National Bureau of Economic Research
NBER: First Health Economics Summer Institute

Subject: First Health Economics Summer Institute
From: Michael Grossman (mgrossman@gc.cuny.edu)
Date: Wed Oct 25 2000 - 10:22:08 EDT


I am pleased to announce that the NBER Health Economics Program will hold its first Summer Institute during the summer of 2001 in Cambridge, MA--probably at the Royal Sonesta Hotel. I am tentatively scheduling the Health Economics Summer Institute for Thursday, August 9 and Friday, August 10. I have in mind a one day meeting with six papers or a day and a half meeting with nine papers. I will decide on whether six or nine papers will be presented based on the response to the request for abstracts. I selected these dates to avoid conflicts with the Third International Health Economics Conference, which meets in York, England from July 22 through July 25 and with the Western Economic Association International Annual Conference, which meets in San Francisco from July 4 through July 8. If anyone has serious objections to the dates that I have selected, please let me know as soon as possible.
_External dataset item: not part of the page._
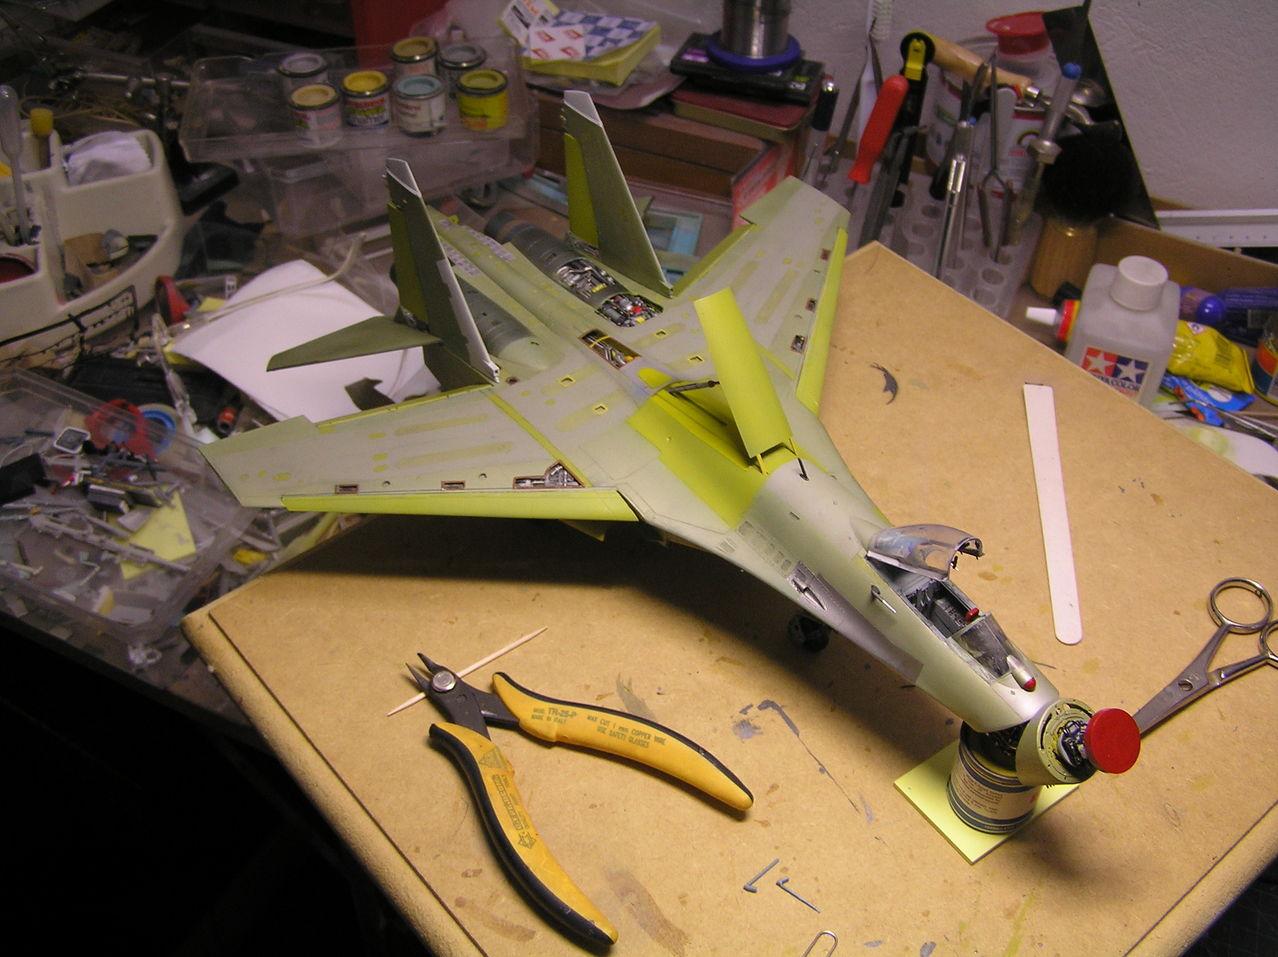 ...καπως ετσι αρχισαν ολα...Su-27  και τα μυαλα στα καγκελα... - Σελίδα 4 P1010199

I cannot accommodate everyone, but I will consider changing them if I receive enough significant objections.

I have not held Summer Institutes to date because much of the program was concentrated in the NBER New York Office. In the past few years, however, a number of new research associates and faculty research fellows have been appointed, most of whom are not located in New York. Hence the program has increased its national presence, and a Summer Institute should have a substantial benefit.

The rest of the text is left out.